#### Work required:
Copy all the lines of the listing below exactly. Skip the images.
==== Information supplied
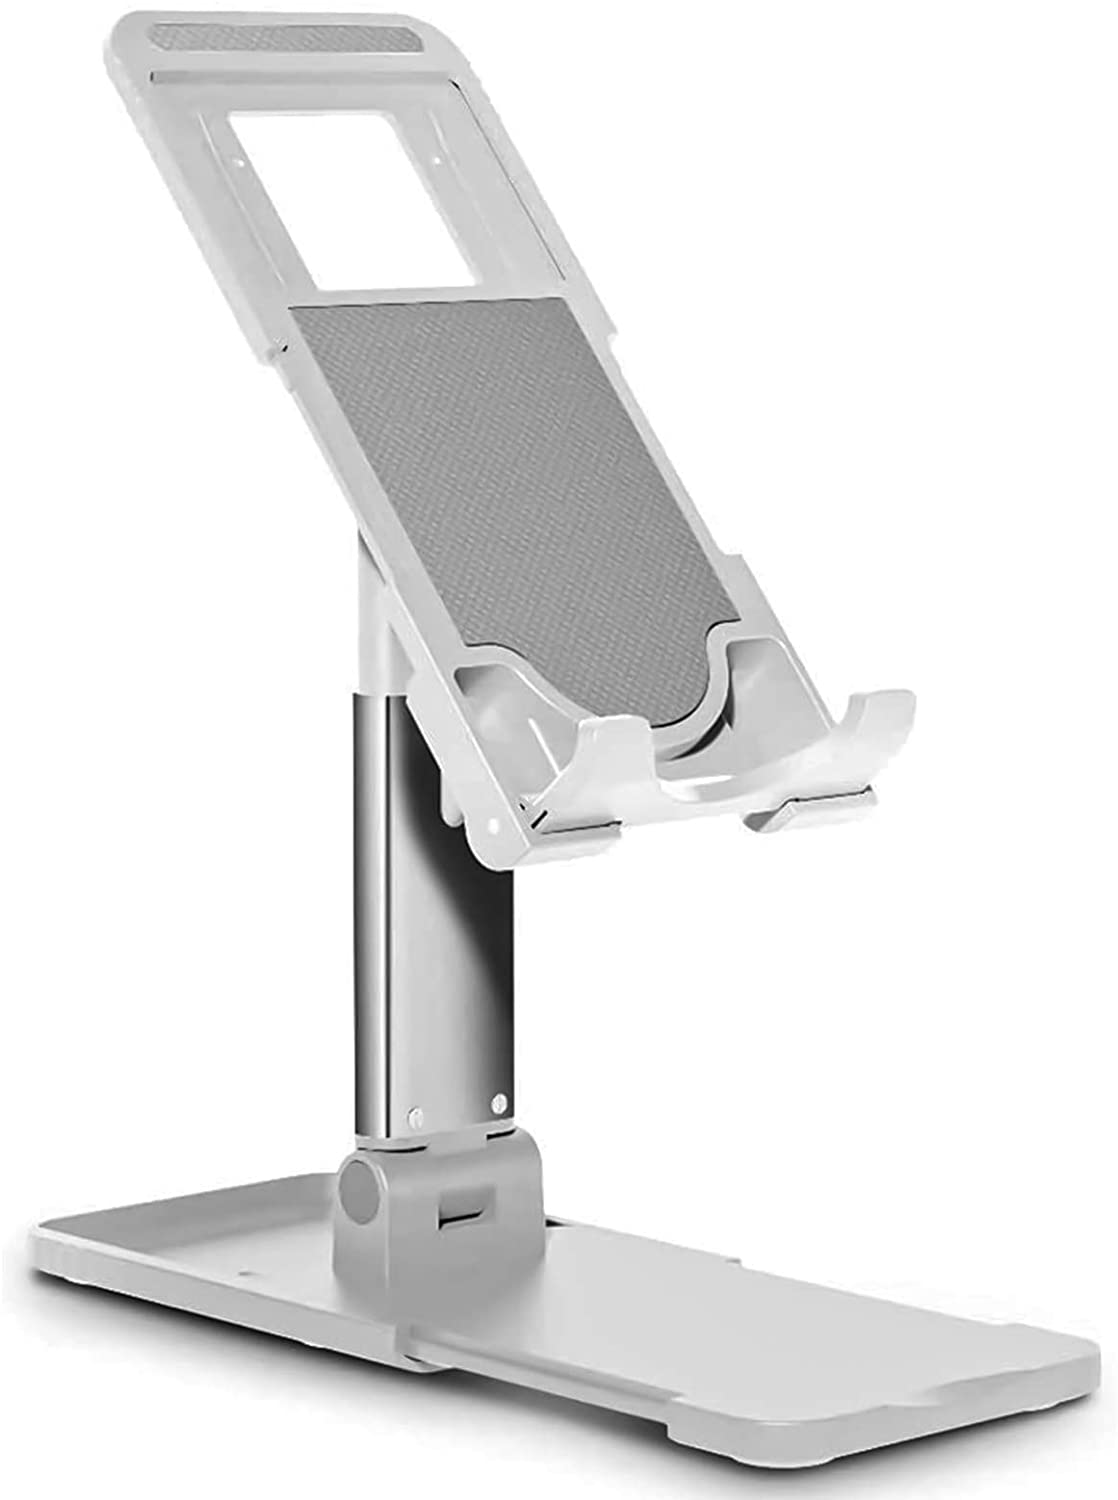 ''Universal Heavy Duty Desktop Tabletop CELL PHONE, iPad, Tablet Lifting Bracket with Foldable''''''''''
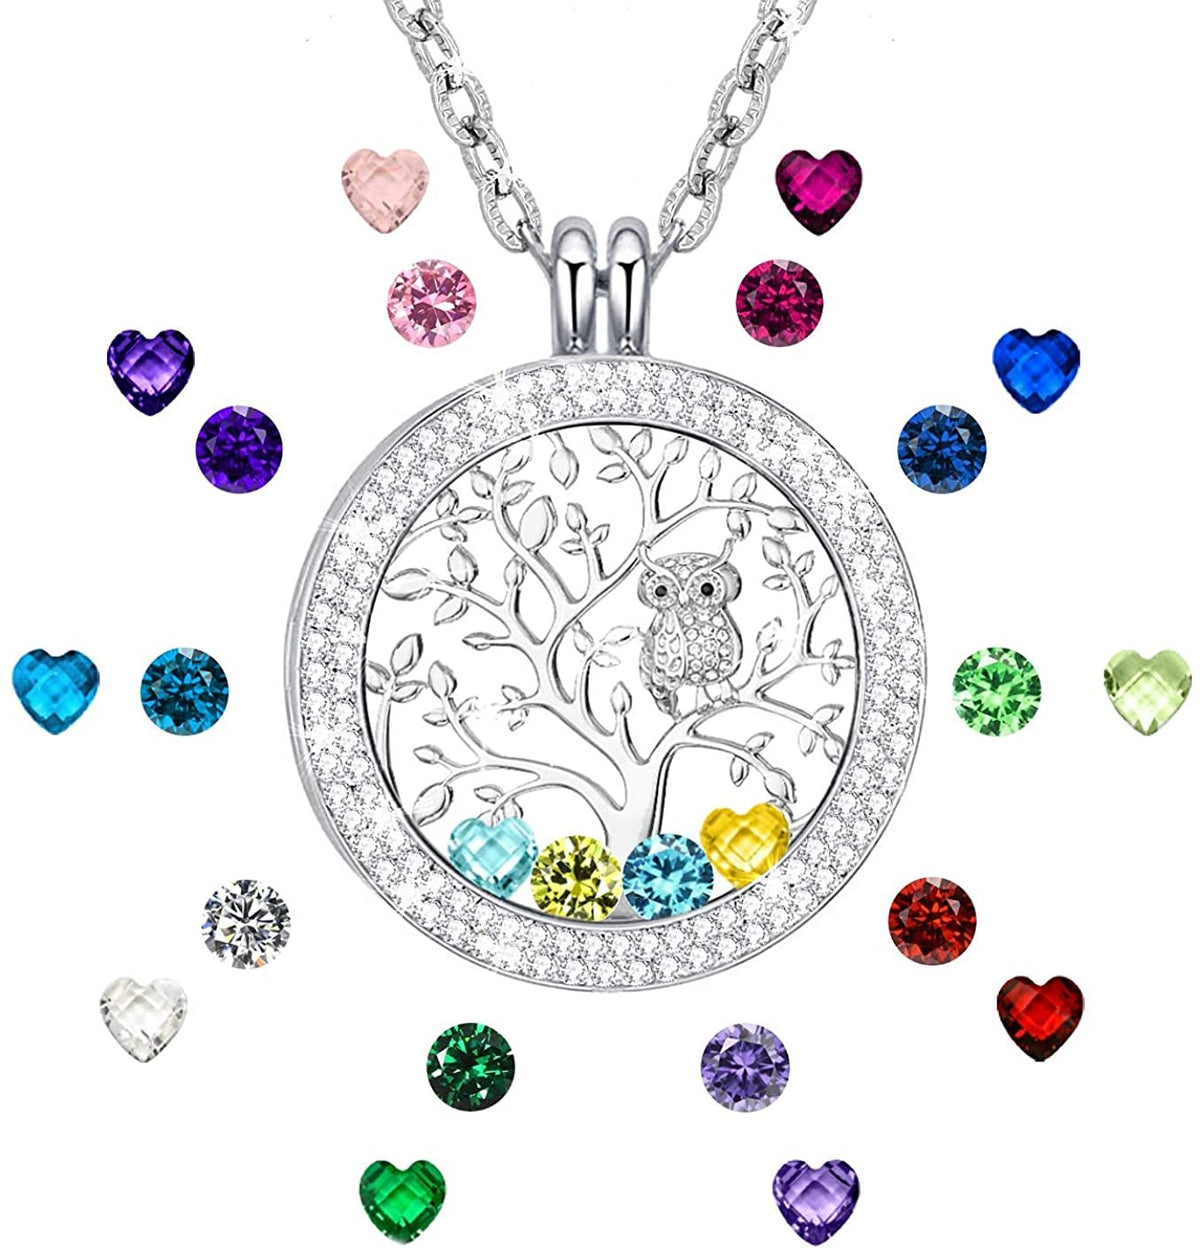 Buy PiercingJ Living Memory Floating Locket Pendant Necklace Polished Round  Stainless Steel Memorial Keepsake Glass Locket Necklace for Women, Free  12pcs Cubic Zirconia Birthstone at Amazon.in
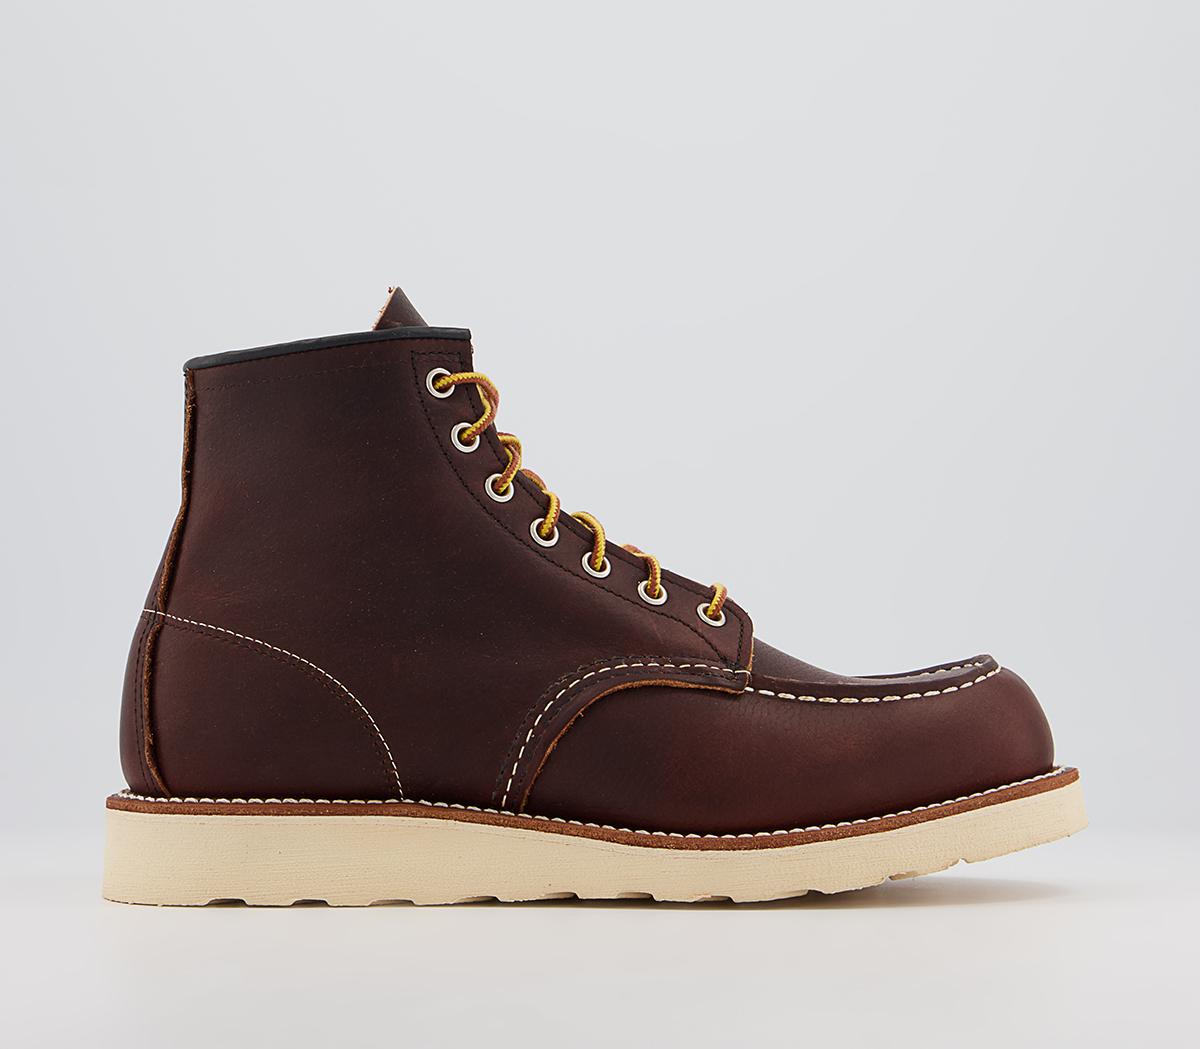 Red WingWork Wedge BootsBrown Leather
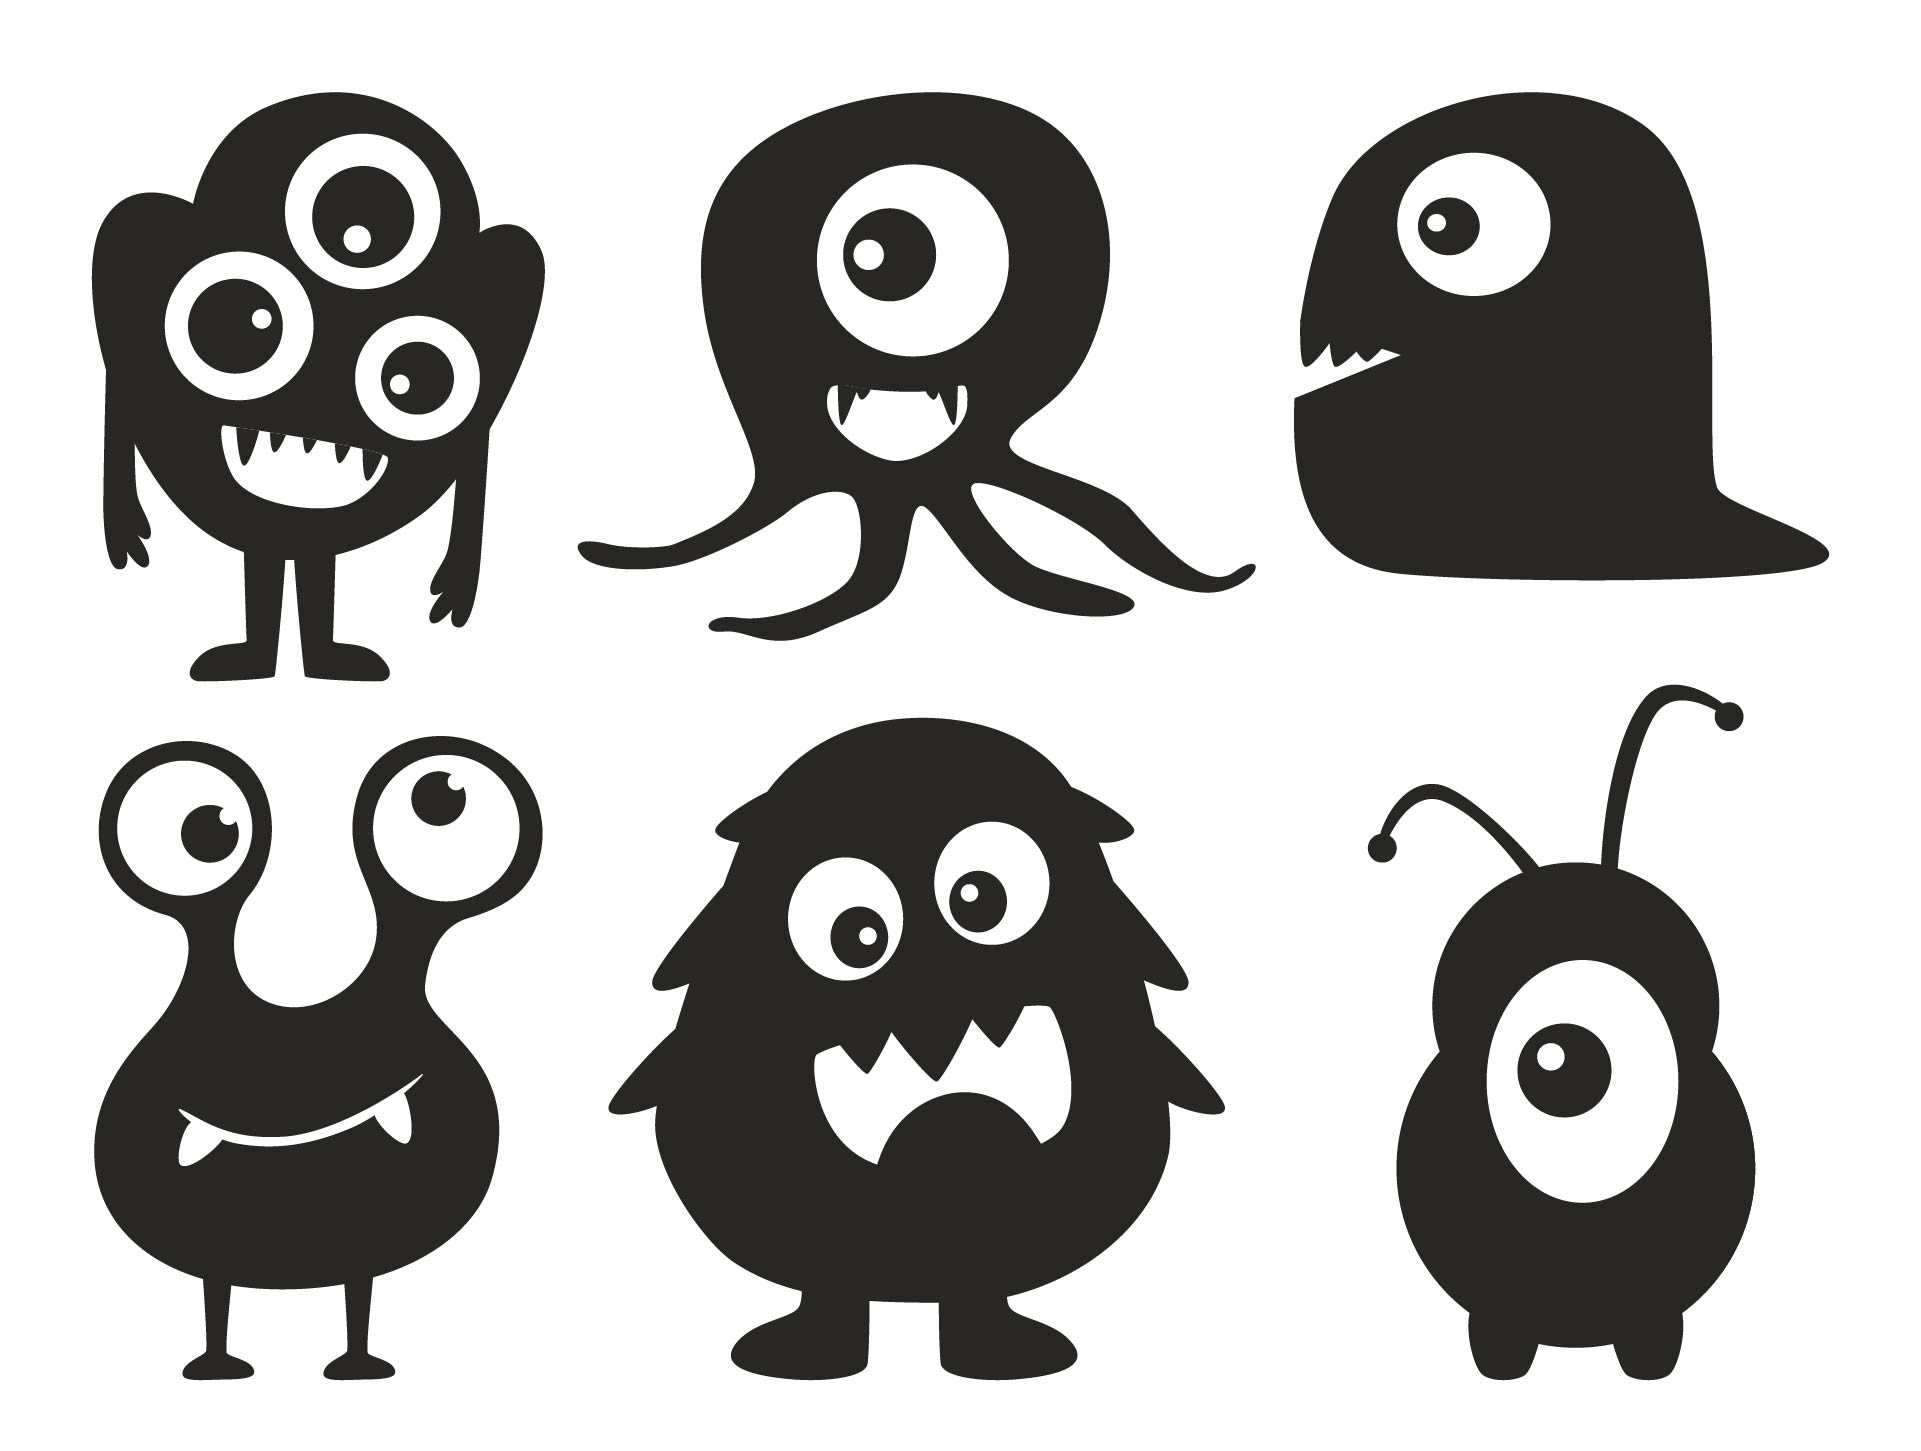 Printable Silhouettes Of Cute Doodle Monsters
========
#### Output of the task:
 ''Universal Heavy Duty Desktop Tabletop CELL PHONE, iPad, Tablet Lifting Bracket with Foldable''''''''''
 Buy PiercingJ Living Memory Floating Locket Pendant Necklace Polished Round  Stainless Steel Memorial Keepsake Glass Locket Necklace for Women, Free  12pcs Cubic Zirconia Birthstone at Amazon.in
 Red WingWork Wedge BootsBrown Leather
 Printable Silhouettes Of Cute Doodle Monsters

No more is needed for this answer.